As to an “independently wrongful” act, this too is not explicitly alleged, but inferred from the other allegations.

 

            Our Supreme Court explained that an “independently wrongful” act is sufficiently alleged “if it is unlawful, that is, if it is proscribed by some constitutional, statutory, regulatory, common law, or other determinable legal standard.”  (Korea Supply, supra, 29 Cal.4th at p. 1159.)  In Korea Supply, for example, the alleged wrongdoer “engaged in bribery and offered sexual favors to key Korean officials in order to obtain” a contract, which interfered with the plaintiff’s business expectancy and was unlawful under the Foreign Corrupt Practices Act.  (Ibid; see also Tri-Growth Centre City, Ltd. v. Silldorf, Burdman, Duignan & Eisenberg (1989) 216 Cal.App.3d 1139, 1153–1154 [defendant “acquired and used the confidential information from [plaintiffs],” thus breaching a fiduciary duty]; PMC, Inc. v.

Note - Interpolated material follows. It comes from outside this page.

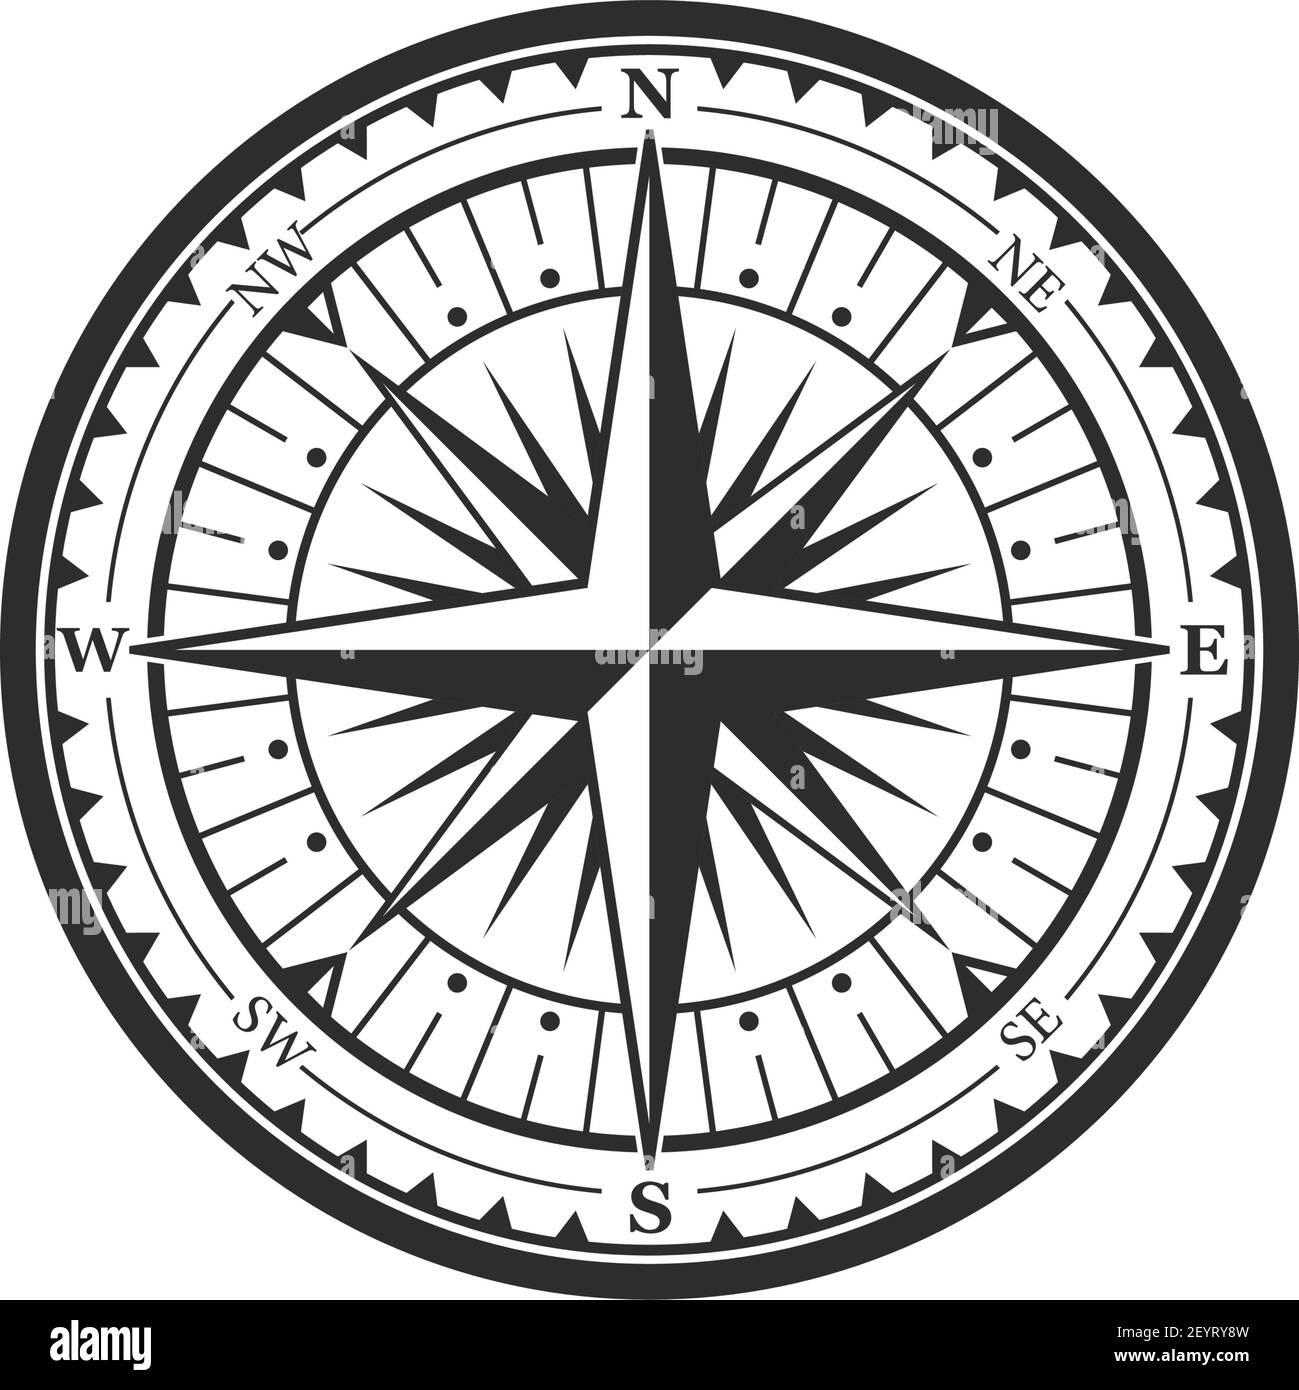 Old navigation compass heraldic icon. Vector Winds Rose symbol of ...

Saban Entertainment, Inc. (1996) 45 Cal.App.4th 579, 603 [independently actionable violations include “violations of federal or state law or unethical business practices, e.g., violence, misrepresentation, unfounded litigation, defamation, trade libel or trade mark infringement”]; Packaging Sys. v. PRC-Desoto Int'l, Inc. (C.D.Cal. 2017) 268 F. Supp. 3d 1071, 1091 [defendant’s alleged monopolization constitutes independent, wrongful act].)

 

            Here, the violation is of Civil Code section 1954.  (Cross-complaint, ¶¶ 6, 26, 32.)  Again, while the Cross-complaint does not explicitly state that this is the wrongful act, Hudson does allege that he provided notice to Shetz of a possible pending sale on January 29, 2022.  (Id. at ¶ 8.) This created the 120-day window for Hudson to provide reasonable oral notice to Shetz before the inspection.  Twenty-four hours is deemed a reasonable period of notice.  (Civ. Code, § 1954, subd. (d)(2).)  On March 1, Hudson then requested that Zane make the Property available for inspection on March 3 at noon.  (Cross-complaint, ¶ 16.)  She refused.  (Ibid.)  Similarly, on May 9, Zane again refused a prospective buyer from inspecting the Property.  (Id. at ¶ 22.)  As alleged, this is sufficient to show a violation of Civil Code section 1954.  (Korea Supply, supra, 29 Cal.4th at p. 1159 [“an act is independently wrongful . . . if it is proscribed by some . . . statutory . . . legal standard”].)

 

            Accordingly, the demurrer to the Hudson Cross-complaint is overruled.  Cross-defendant Shetz is ordered to serve and file her Answer on or before December 30, 2022.

 



[1]              The caption states “Interference with Prospective Contractual Relationship.”